Foi o caso de Raymundo Ottoni de Castro Maya (1894-1968), empresário cujo acervo está no museu que leva seu nome. No início dos anos 40, ele comprou de Heymann 550 aquarelas de Debret, incluindo dezenas de falsificações. Em 1947, rompeu com o marchand. Castro Maya sempre falava de golpes do falsário contra terceiros, mas nunca admitiu ter caído neles.

Difícil imaginar que não soubesse. No livro com aquarelas de Debret que publicou em 1954, o colecionador deixou de fora as que mais tarde foram identificadas como falsas. Os Debrets fajutos acabaram revestidos com o prestígio da coleção Castro Maya e por décadas foram louvados pela crítica. Muitos ilustraram livros de história do Brasil e fazem parte do imaginário de gerações de estudantes.

Ao menos cinco falsificações aparecem, não identificadas como tais, em "Índios no Brasil" [Global Editora, 2005, 304 págs., R$ 90], organizado por Luís Grupioni, com textos de Marilena Chauí. Outras três são citadas em "Arte na América Latina" [Cosac Naify, 1997, 366 págs., R$ 119], de Dawn Ades, como exemplos de uma "série extraordinária de imagens muito vivas da sociedade brasileira". Os falsos Debrets também integraram mostras internacionais como a que homenageou Tarsila do Amaral na Fundação Juan March, na Espanha, em 2009.

O que torna a façanha de Heymann mais notável é que suas falsificações não eram boas. Além de retratos de anônimos, que vendia como figuras da nobreza, ele contratava pintores em Paris para produzir aquarelas a partir de gravuras de livros dos artistas viajantes.

Os contratados cometiam erros grosseiros. Trocavam datas, misturavam assinaturas, erravam cores e confundiam estilos. Numa aquarela a partir de uma gravura de Debret, por exemplo, com índios ao chão, um pintor confundiu uma sombra com um rio e fez um indígena flutuar sobre as águas.

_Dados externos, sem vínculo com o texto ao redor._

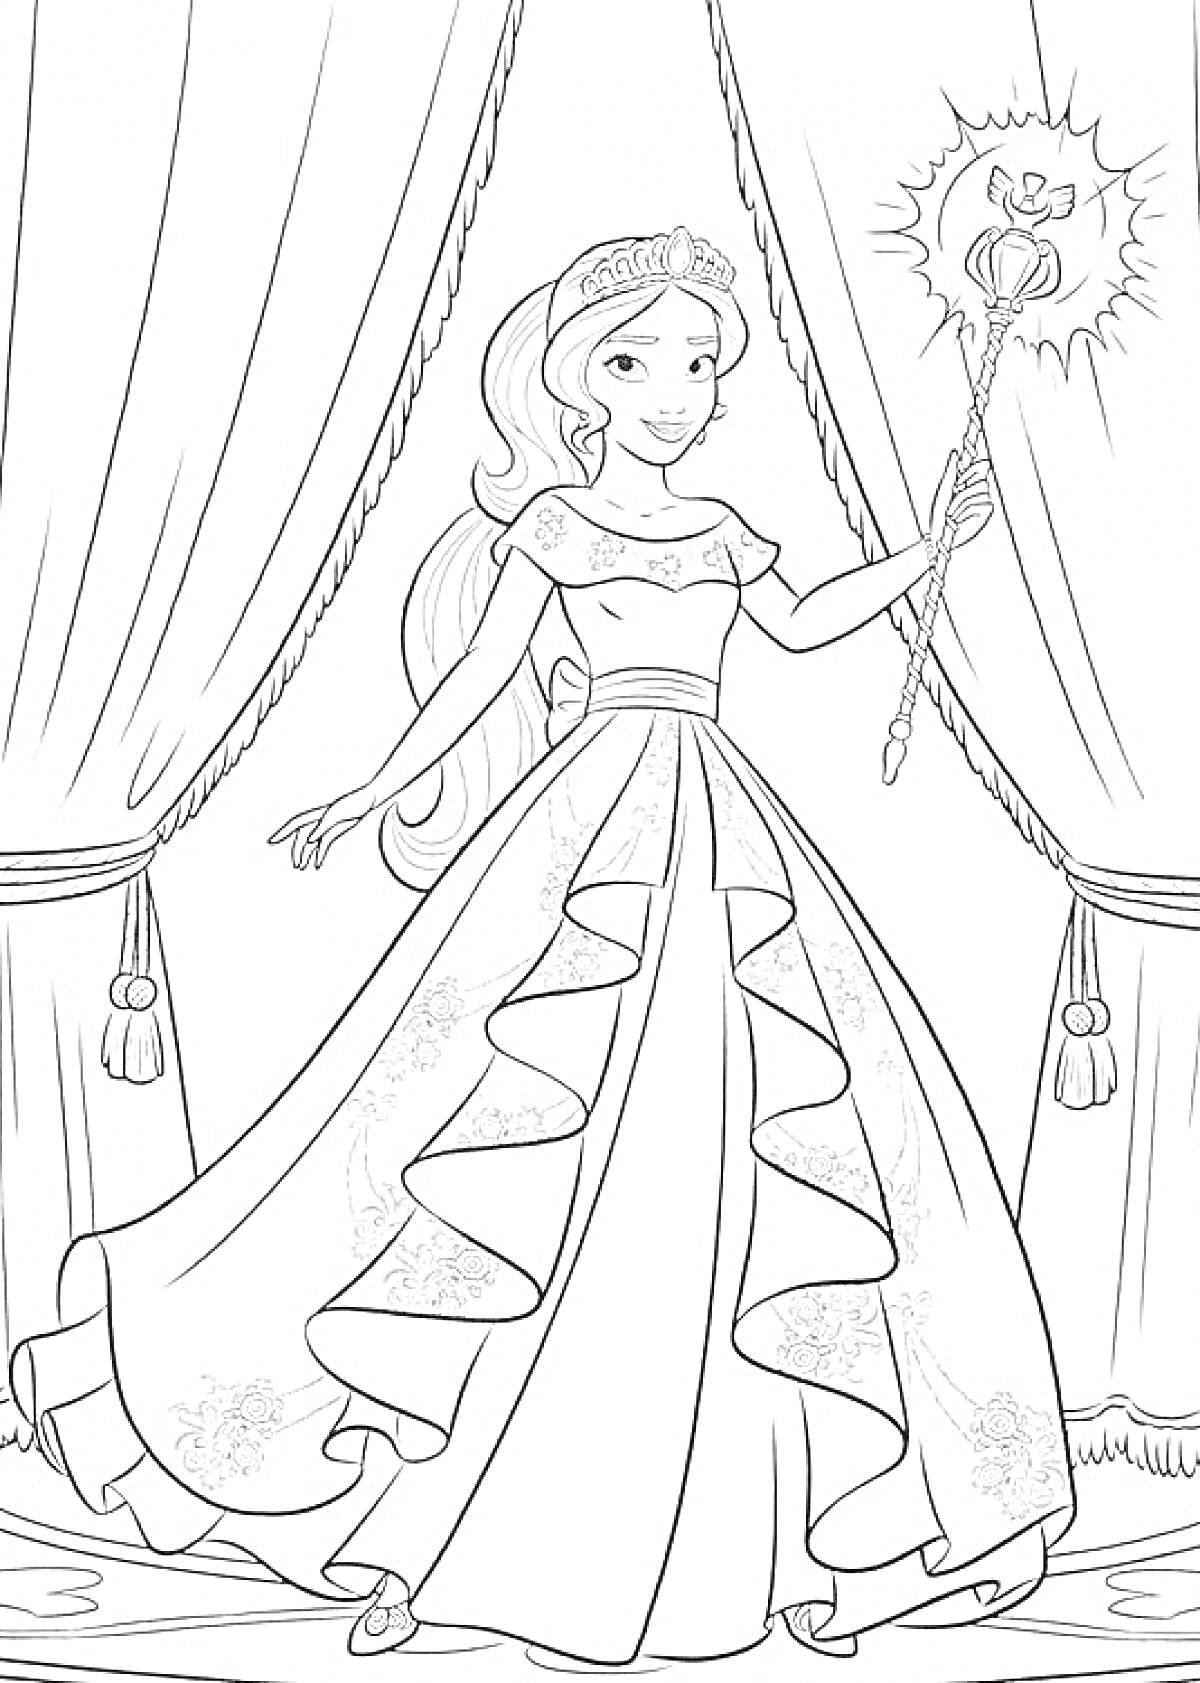 Раскраска Елена из Авалора в королевском платье с жезлом на фоне занавесок

Em outro caso, o falsário "tirou o luto" que a família imperial guardava pela morte de d. Maria 1a, colorindo as roupas da corte.

SIMPÁTICO

Descrito pelo embaixador João Hermes de Araújo, que conviveu com ele, como "simpático e agradável", Heymann tinha poderosa rede de contatos.

Quando começou a agir, nos anos 40, ele entrou em contato com herdeiros de artistas que passaram pelo país no século 19 e localizou centenas de obras. Àquela altura, as imagens não valiam muito na Europa, mas eram ouro na América Latina.

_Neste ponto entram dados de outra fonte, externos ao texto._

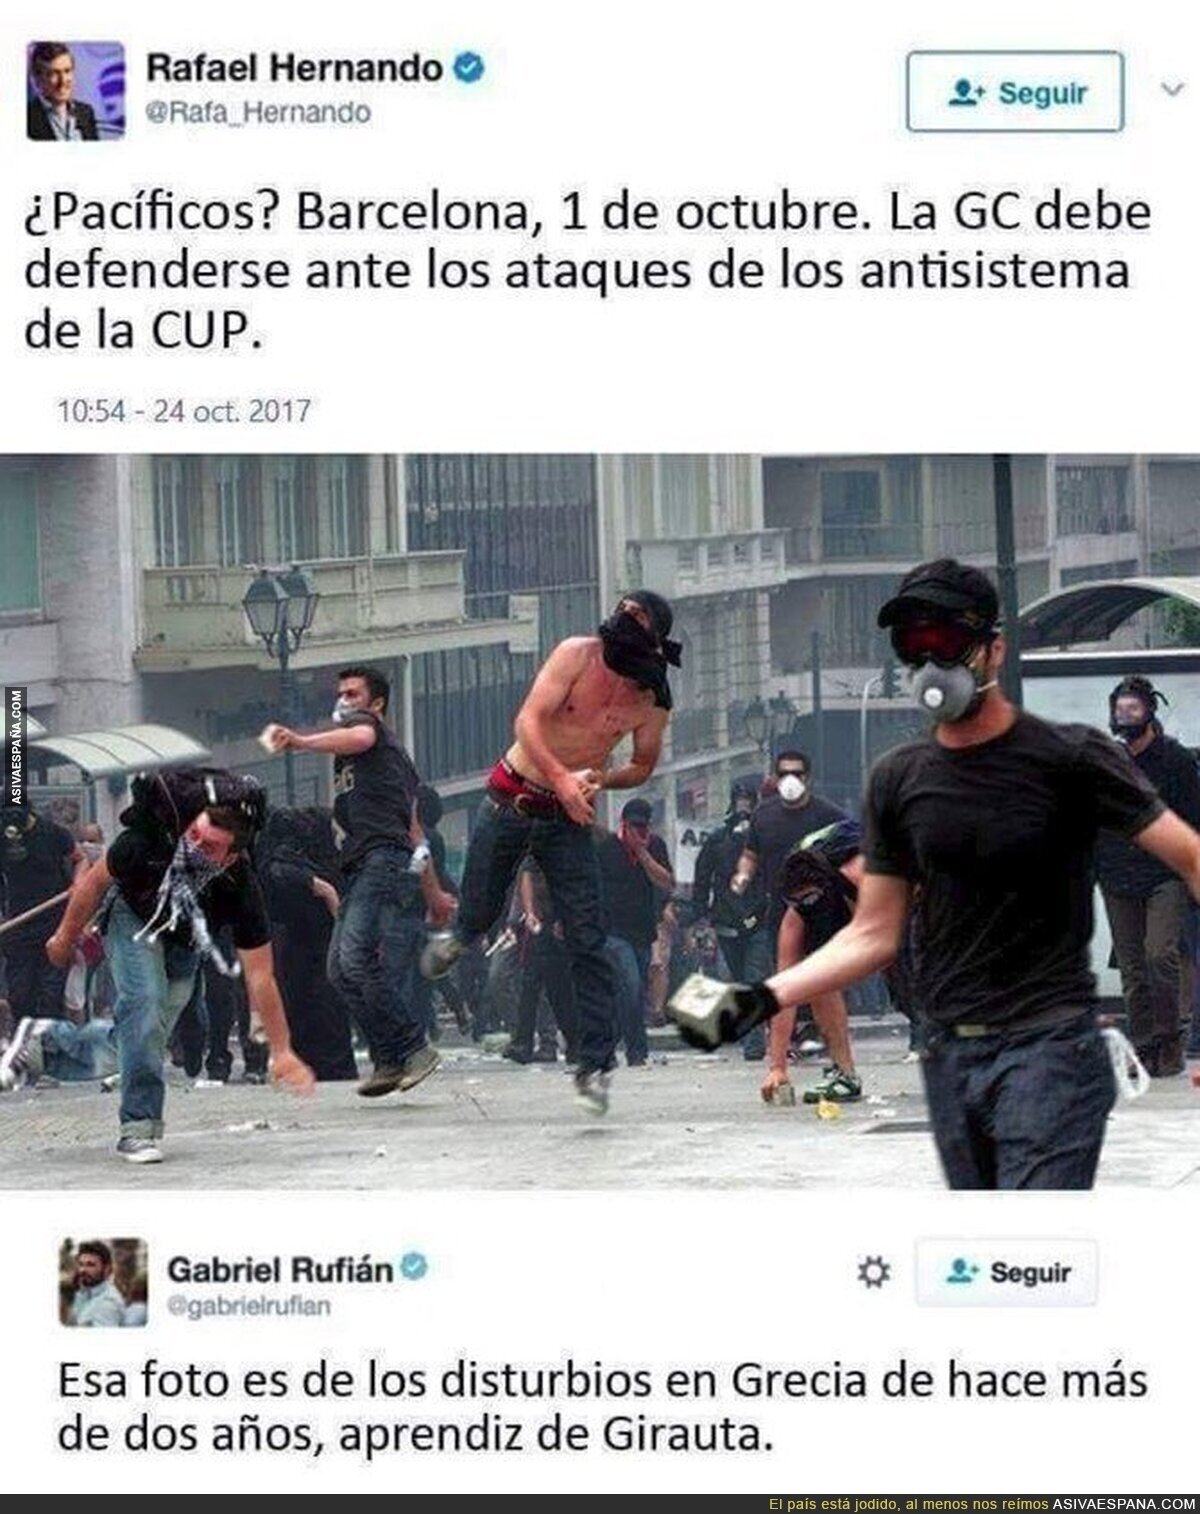 Rafael Hernando publica esta foto haciendo creer que es de Barcelona y le dejan retratado

Chegou a alcançar prestígio com descobertas como a de aquarelas de Debret que estavam com herdeiros e que, graças a ele, voltaram ao Brasil. Poderia passar à posteridade com esse mérito, mas foi ambicioso. Com segurança, sabe-se que ele e seus auxiliares produziram obras de Debret, Pallière e do alemão Johann Moritz Rugendas (1802-58), que hoje estão entre os pintores-viajantes mais valorizados do mundo.

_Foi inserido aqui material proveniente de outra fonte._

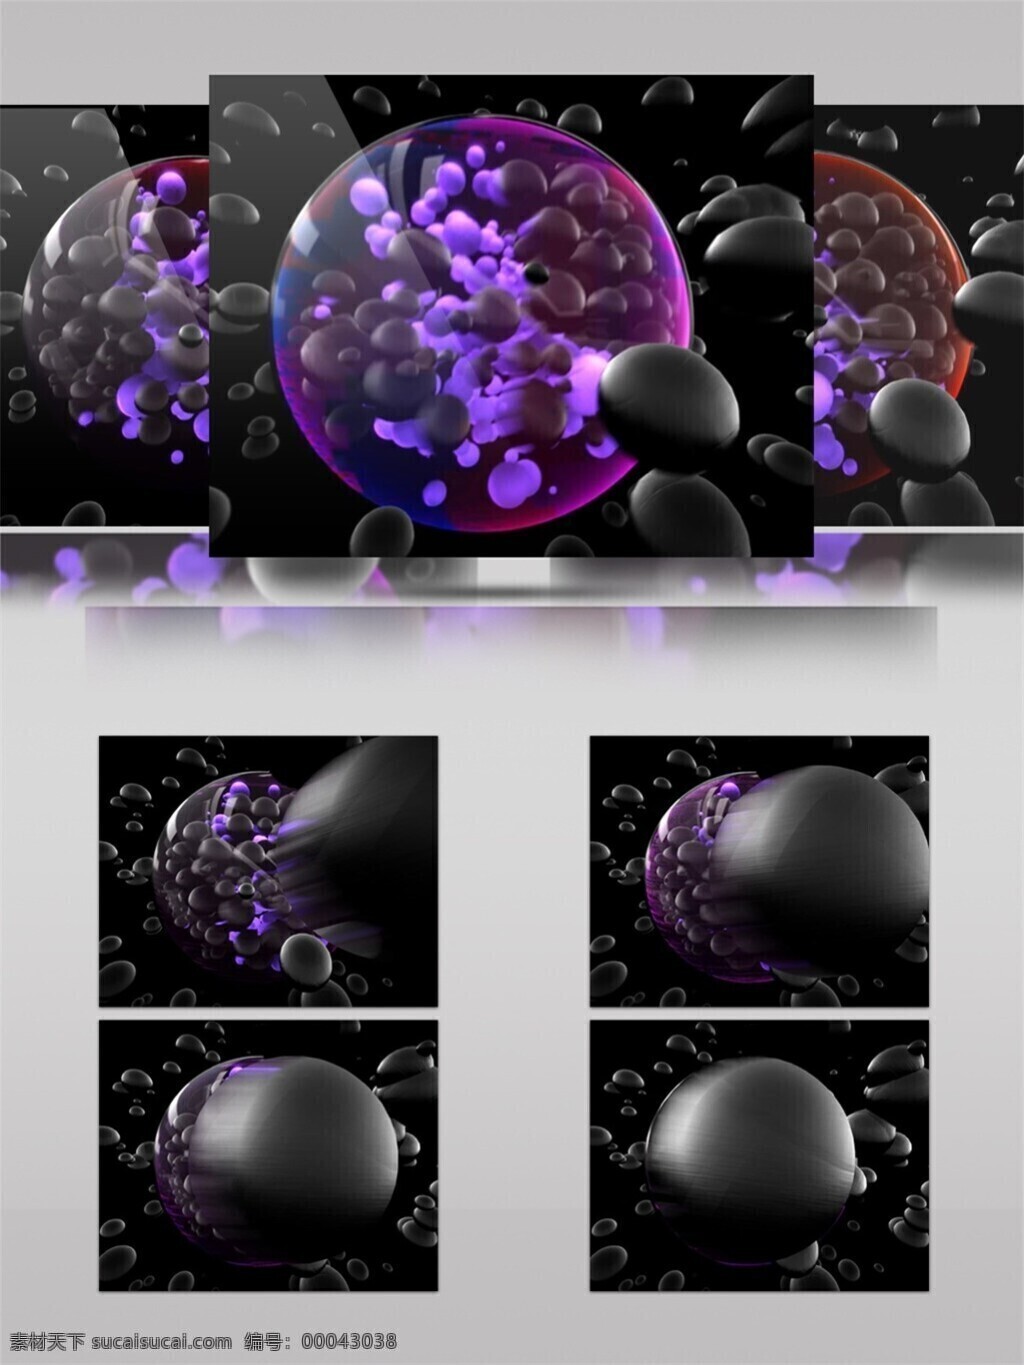 光斑散射 光球 激光 视觉享受 手机壁纸 星束 紫色 光束 气泡 视频

Aquarelas de Debret, relativamente abundantes, estão estimadas em cerca de US$ 30 mil no mercado internacional. Uma obra de grande porte de Pallière pode chegar a US$ 200 mil.

O estudo mais aprofundado da biografia de Heymann decerto pegará de calças curtas outros museus e colecionadores. No fim deste ano, sai a segunda edição de "Rugendas e o Brasil" (Capivara), de Pablo Diener e Maria de Fátima Costa. Desde que a primeira foi publicada, em 2002, os autores identificaram uma série de aquarelas falsas que chegaram ao mercado por meio do marchand.

"Hoje, quando vejo uma obra de Rugendas e sei que foi vendida por Heymann, já me acende uma luz vermelha", diz à Folha Pablo Diener. Um óleo de Rugendas foi vendido, em 2003, pela Christie's por US$ 330 mil (o equivalente a R$ 670 mil).